As a radical pro-choice activist, I admit, we all let the question hang there. It was, perhaps, a necessary evil, a stake in the game, a line in the sand we were not willing to cross, lest we lose one inch of hard-won battleground.

But as the mother of a beautiful baby with sweet eyes who lives with the joy and the difficulties of a chromosomal difference, that line in the sand expands into a porous and diffuse grey area, where I begin to ask myself, “At what point would I knowingly pull out?”

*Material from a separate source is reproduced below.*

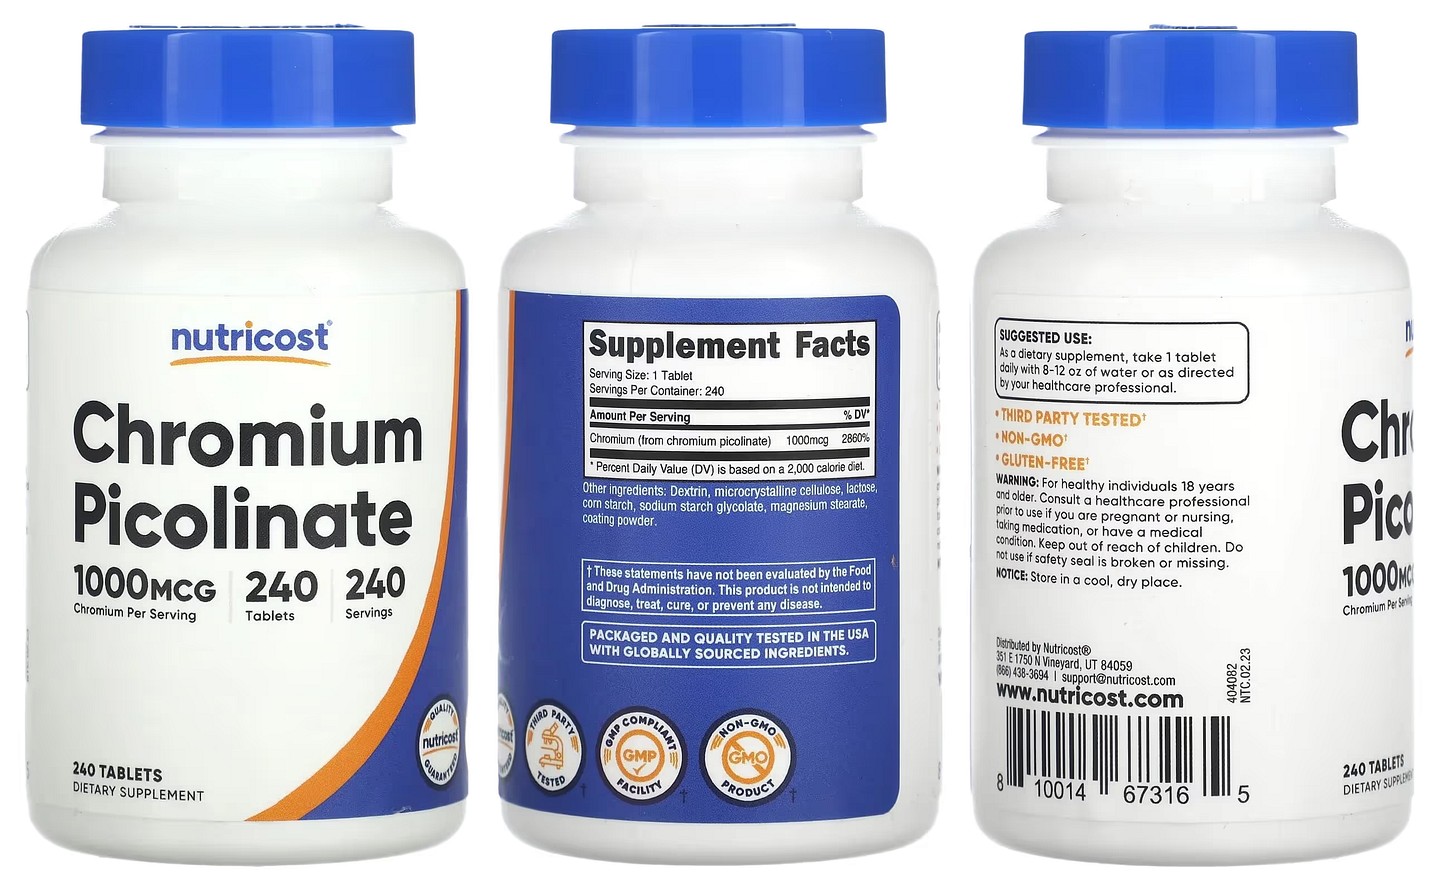 Nutricost, Chromium Picolinate packaging

My son’s condition is on the list of fetal anomalies considered fair game for late-term abortion. Yet, because of my experience I think I can better understand why a family handed a profound diagnosis might take stock of their choices.

Our family feels blessed everyday. I would love to see more families choosing to bring up a child with Down syndrome, and I would love to see the number of abortions generally decrease.

But I would live in great fear if that number were to drop to zero.

With so few doctors women in this country can turn to in the third trimester if their lives are endangered by their pregnancy or if they discover, tragically, that the child they’re carrying is developing in a way that will cause profound suffering and lead to a stillbirth or death, it is a reasonable fear.

Perhaps the activist and the mother are converging. I know society is better off nurturing families than demonizing medical procedures. I know access to birth control and health education does more to lower abortion rates than protesting outside abortion clinics. I’m still rock-solid pro-choice. But I’m also rock-solid pro-life, in that I am for life. It is a pro-choice I can live with.